Sur le fil

Musée fantôme

 

Artiste inconnu, Homme inuit non identifié portant des lunettes de neige, 1928. Épreuve à la gélatine argentique, 10,6 x 13,8 cm.

Vous connaissez le Musée du portrait du Canada? Savez-vous où il se trouve, quel est son mandat, ses activités, ses expositions? Aussi bien parler d'un musée fantôme. On traite depuis si longtemps de ce musée qu'on a l'impression qu'il existe véritablement, mais à vrai dire, on n'a jamais vu la couleur de sa porte d'entrée! Il n'existe ni plus ni moins que… virtuellement (http://www.portraits.gc.ca/) et par le biais de quelques conférences et expositions itinérantes orchestrées depuis les locaux de Bibliothèque et Archives Canada.

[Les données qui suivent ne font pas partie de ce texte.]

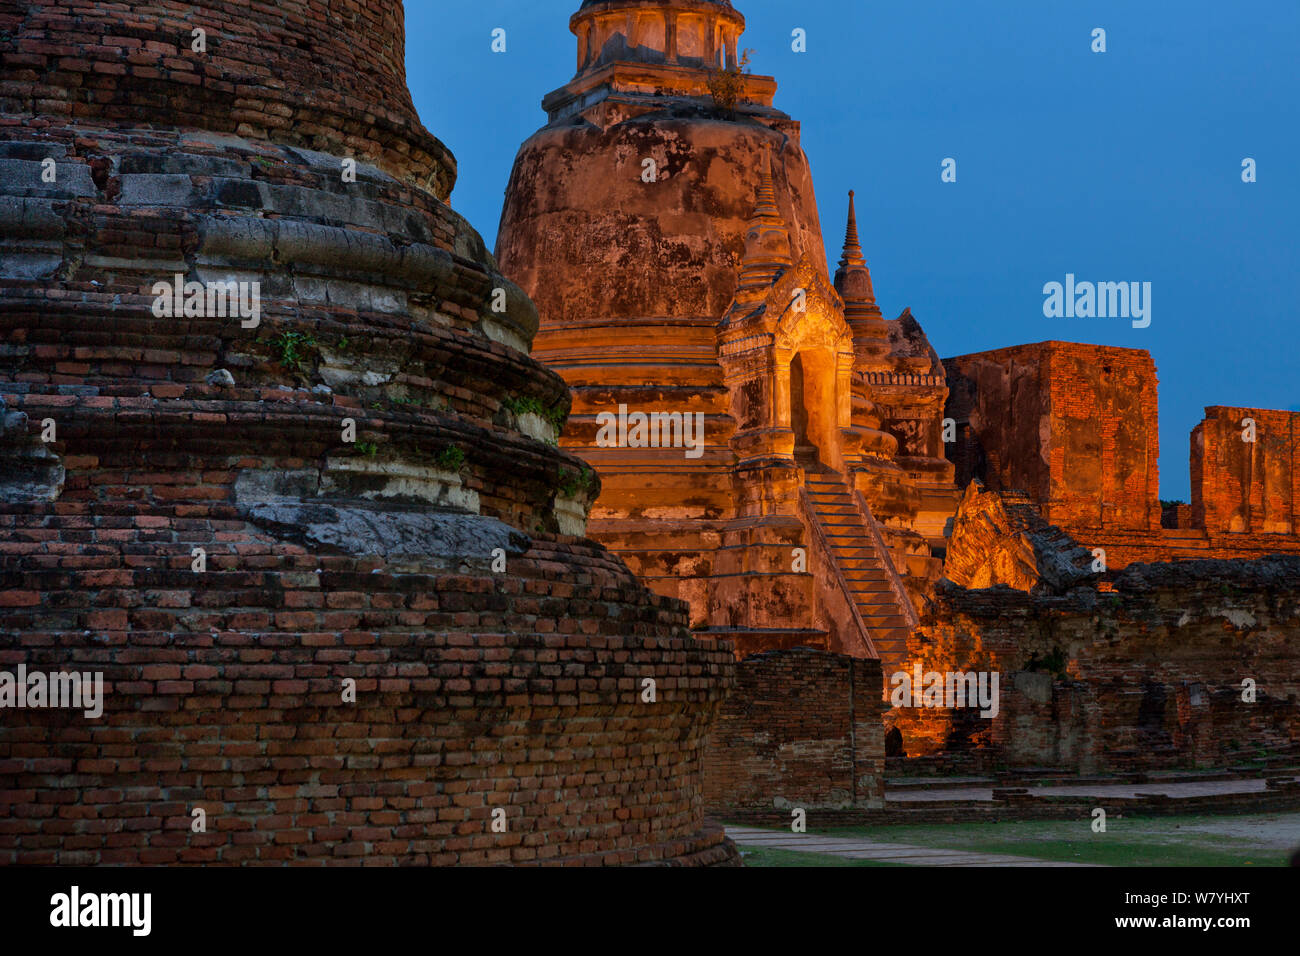 Wat Phra Samphet temple at night, Ayutthaya, Thailand, September 2014. Stock Photo

Pour la petite histoire, le projet du Musée du portrait du Canada avait d'abord été annoncé en janvier 2001 par le gouvernement de Jean Chrétien avec 2004 comme date d'ouverture. Puis, la fusion de la Bibliothèque nationale du Canada et d'Archives nationales du Canada consolidait une collection de portraits amorcée dans les années 1880 et qui réunit aujourd'hui 20 000 peintures, dessins et estampes, 4 millions de photographies, des milliers de caricatures et 10 000 médailles et ouvres philatéliques. En 2003, un investissement de 22 millions $ était annoncé pour l'aménagement du nouveau musée dans l'ancienne ambassade des États-Unis, à un jet de pierre du Parlement. Le gouvernement de Paul Martin tablettait ensuite le projet en décembre 2003, puis en 2005, on réévaluait à 44,6 % le budget total à investir.

Onze millions de dollars de rénovations plus tard, le gouvernement conservateur de Harper remet le projet sur les rails mais émet un doute sur l'emplacement pressenti. Des rumeurs voulant que le Musée déménage à Calgary, au siège social d'EnCana, courent alors. Devant toutes ces tergiversations, on a retiré les affiches géantes sur la devanture du 100, rue Wellington en novembre dernier. Puis – coup de théâtre! -, le gouvernement fédéral annonce finalement qu'il est à la recherche (!!) de la ville de choix – la plus pratique et la plus économique! – pour le musée! Neuf municipalités seraient pressenties: Vancouver, Halifax, Québec, Montréal, Toronto, Winnipeg, Edmonton, Calgary et Ottawa. Les organismes culturels publics et privés peuvent soumettre des propositions officielles pour une décision qui devrait être prise ce printemps. La nouvelle date d'ouverture du Musée du portrait – tenez-vous bien! – est fixée à 2010 ou 2011.

Il n'en fallait pas plus pour qu'une petite guerre de clochers – vieille comme le monde! – se déclenche… Qui héritera du fameux musée emblématique garni de personnages arborant un regard fixé à l'infini? Calgary se montre très agressive en débloquant une enveloppe substantielle pour son dossier de candidature. Vancouver dit aussi «présente» à cet appel d'offres. Ottawa essaie de se réapproprier ce qu'elle tenait pour acquis et Gatineau vient de sortir de sa torpeur. D'autres villes comme Montréal semblent mettre plus d'ardeur pour se retrouver sur le nouveau Monopoly mondial que pour accueillir un nouveau musée national… Le gouvernement a ainsi fait de ce grand projet un objet de cirque, alors que neuf municipalités dépensent temps et argent pour montrer à quel point elles sont les plussse meilleures terres d'accueil pour le Musée. Combien de temps faudra-t-il aux troupes de Harper pour réaliser que, tel que le clament les opposants au déménagement, il faudra un budget annuel de 2,5 millions $ supérieur si le musée sort d'Ottawa ou de Gatineau? Que la décentralisation d'un musée national entraînerait des complications, à savoir le transport et le risque d'endommagement de la collection depuis ses installations d'entreposage? Que l'isolement d'un tel musée pourrait entraîner sa «régionalisation» après quelques années par manque de ressources et de visiteurs?

Tout ce temps et cette énergie encore perdus pour rien. Tout cet argent dépensé inutilement. Et ces portraits qui se morfondent depuis des centenaires dans un atelier poussiéreux… Verra-t-on le Musée du portrait érigé un jour? Pfff, j'y croirai lorsque je le contemplerai de mes yeux… fixes.